[LLVMdev] RFC - Improvements to PGO profile support

Fri Mar 6 19:00:58 PST 2015

Bob, Philip, thanks for the feedback.

Diego is planning to give more detailed reply next Monday. There seem
to be some misunderstanding about the proposals, so I will just give
some highlights here:

1) The proposal is not intending to fundamentally change the current
framework, but to enhanced the framework so that
  a) more profile information is preserved
  b) block/edge count/frequency becomes faster to compute
  b) profile information becomes faster to access and update
(inter-procedurally)

2) Changes to profile APIs and profile client code will be minimized,
except that we will add IPA clients (once Chandler's pass manager
change is ready)

3) The proposed change does *not* give up relative hotness as
mentioned by Philiip. All clients that relies on relative hotness are
not affected -- except that the data is better and more reliable

4) With real profile data available, current infrastructure does *not*
provide reasonable hotness (e.g., you can try comparing the BBs that
execute the same number times, but in loops with different depths in
the same function and see how big the diff is), let alone fast
updating.

I am reasonably confident that the proposal
1) does not affect compilations using static profile (with branch prediction)
2) strictly better for -fprofile-instr-use optimizations.

The area I am not so sure is the JIT, but I am really interested in
knowing the details and propose solutions for you if the current
proposal does not work for you (which I doubt -- because if the
current framework works, the new one should work too :) ).

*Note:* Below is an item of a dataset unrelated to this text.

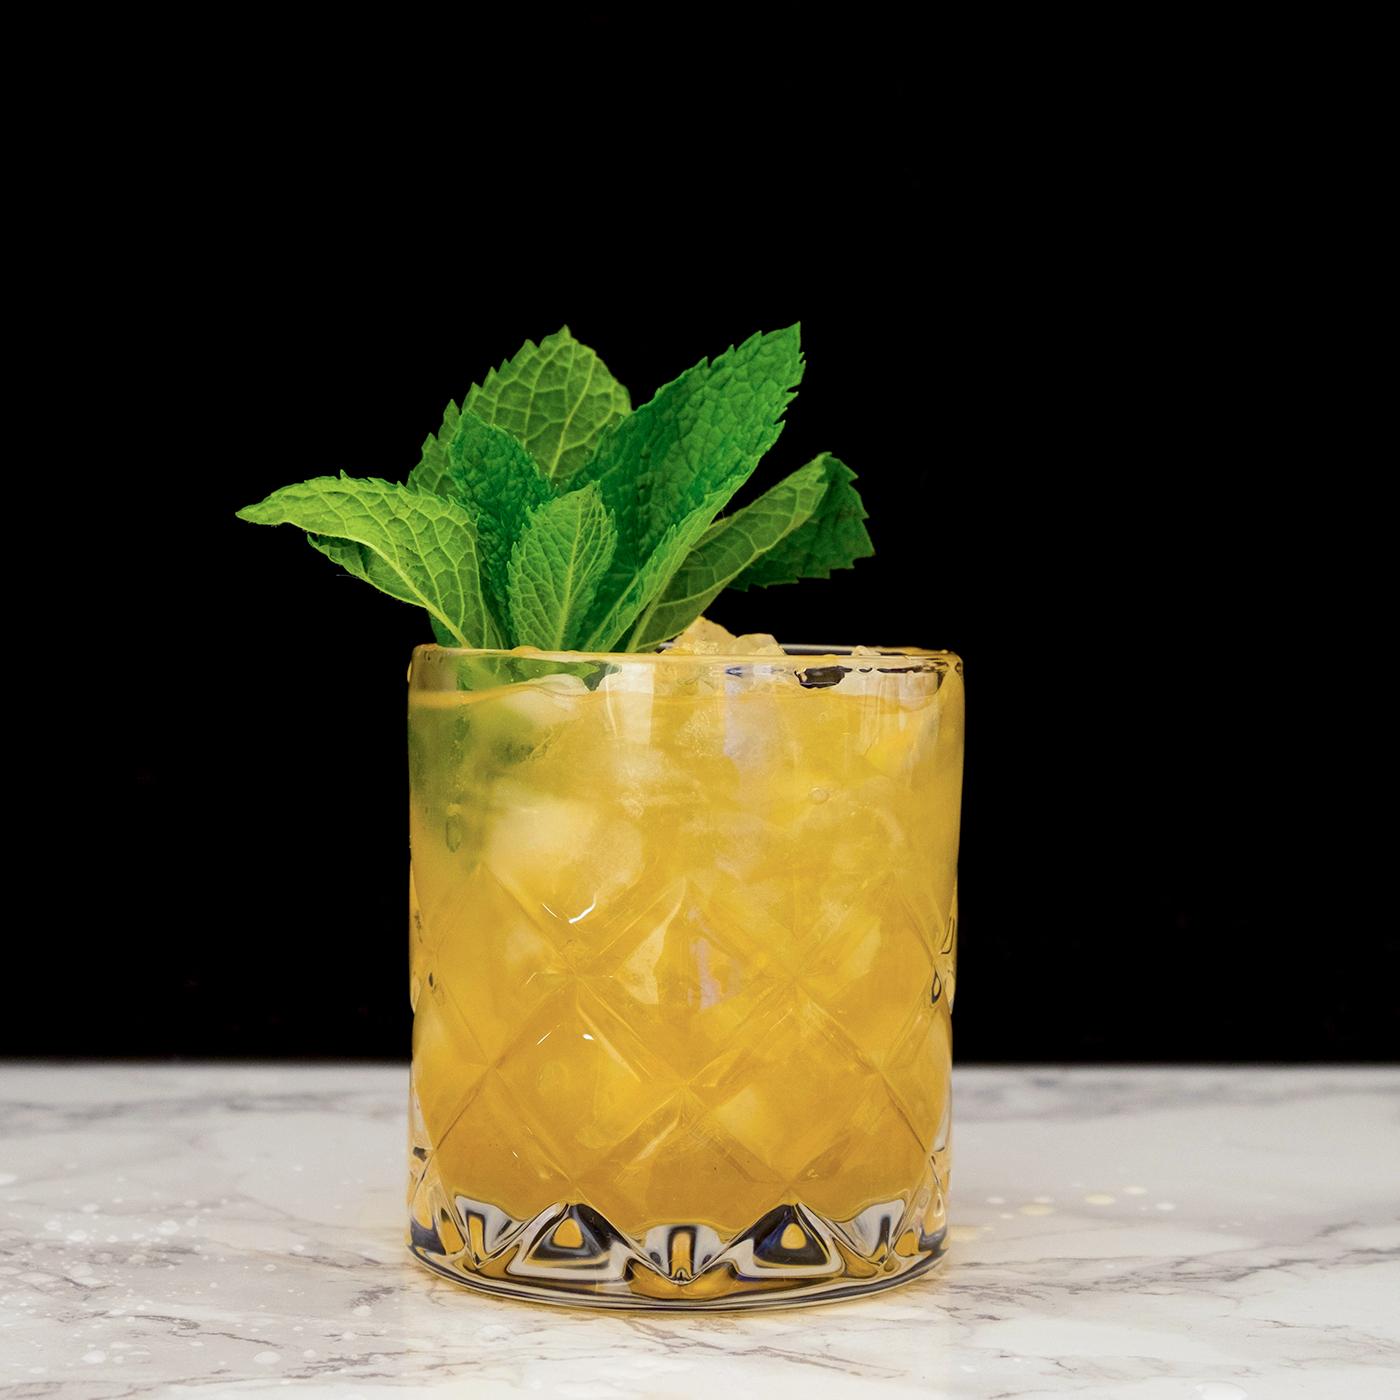 MAI TAI - Jamaican rum, lime juice, orange curacao, almond syrup

I am looking forward to more detailed discussions next week! We shall
sit down together and discuss changes, rationale, concerns one by one
-- with concrete examples.

thanks,

David

On Fri, Mar 6, 2015 at 5:49 PM, Philip Reames <listmail at philipreames.com> wrote:
>
> On 03/05/2015 08:29 AM, Bob Wilson wrote:
>
>
> On Mar 2, 2015, at 4:19 PM, Diego Novillo <dnovillo at google.com> wrote:
>
> On Thu, Feb 26, 2015 at 6:54 PM, Diego Novillo <dnovillo at google.com> wrote:
>
>> I've created a few bugzilla issues with details of some of the things I'll
>> be looking into. I'm not yet done wordsmithing the overall design document.
>> I'll try to finish it by early next week at the latest.
>
>
> The document is available at
>
> https://docs.google.com/document/d/15VNiD-TmHqqao_8P-ArIsWj1KdtU-ElLFaYPmZdrDMI/edit?usp=sharing
>
> There are several topics covered. Ideally, I would prefer that we discuss
> each topic separately. The main ones I will start working on are the ones
> described in the bugzilla links we have in the doc.
>
> This is just a starting point for us. I am not at all concerned with
> implementing exactly what is proposed in the document. In fact, if we can
> get the same value using the existing support, all the better.
>
> OTOH, any other ideas that folks may have that work better than this are
> more than welcome. I don't have really strong opinions on the matter. I am
> fine with whatever works.
>
>
> Thanks for the detailed write-up on this. Some of the issues definitely need
> to be addressed. I am concerned, though, that some of the ideas may be
> leading toward a scenario where we have essentially two completely different
> ways of representing profile information in LLVM IR. It is great to have two
> complementary approaches to collecting profile data, but two representations
> in the IR would not make sense.
>
> The first issue raised is that profile execution counts are not represented
> in the IR. This was a very intentional decision. I know it goes against what
> other compilers have done in the past. It took me a while to get used to the
> idea when Andy first suggested it, so I know it seems awkward at first. The
> advantage is that branch probabilities are much easier to keep updated in
> the face of compiler transformations, compared to execution counts. We are
> definitely missing the per-function execution counts that are needed to be
> able to compare relative “hotness” across functions, and I think that would
> be a good place to start making improvements. In the long term, we should
> keep our options open to making major changes, but before we go there, we
> should try to make incremental improvements to fix the existing
> infrastructure.
>
> Many of the other issues you raise seem like they could also be addressed
> without major changes to the existing infrastructure. Let’s try to fix those
> first.
>
> After reading the document, I agree with Bob's perspective here.
>
> I would strongly recommend that you start with the optimizations than can be
> implemented within the current framework.  The current infrastructure gives
> a fairly reasonable idea of relative hotness within a function.  There's a
> lot to be done to exploit that information (even in the inliner!) without
> resorting to cross function analysis.  If, after most of those have been
> implemented, we need more fundamental changes we could consider them.
> Starting with a fundamental rewrite of the profiling system within LLVM
> seems like a mistake.
>
> At a meta level, as someone who uses LLVM for JITing I would be opposed to a
> system that assumed consistent profiling counts across function boundaries
> and gave up on relative hotness information.  At least if I'm understanding
> your proposal, this would *completely break* a multi-tiered JIT.  In
> practice, you generally stop collecting instrumentation profiling once
> something is compiled at a high enough tier.  When compiling it's caller,
> you'll get very deceptive results if you rely on the execution counts to
> line up across functions.  On the other hand, merging two relative hotness
> profiles by scaling based on the hotness of the callsite works out quite
> well in practice.  You can use some information about global hotness to make
> decisions, but those decisions need to be resilient to such systematic
> under-counting.
>
> Philip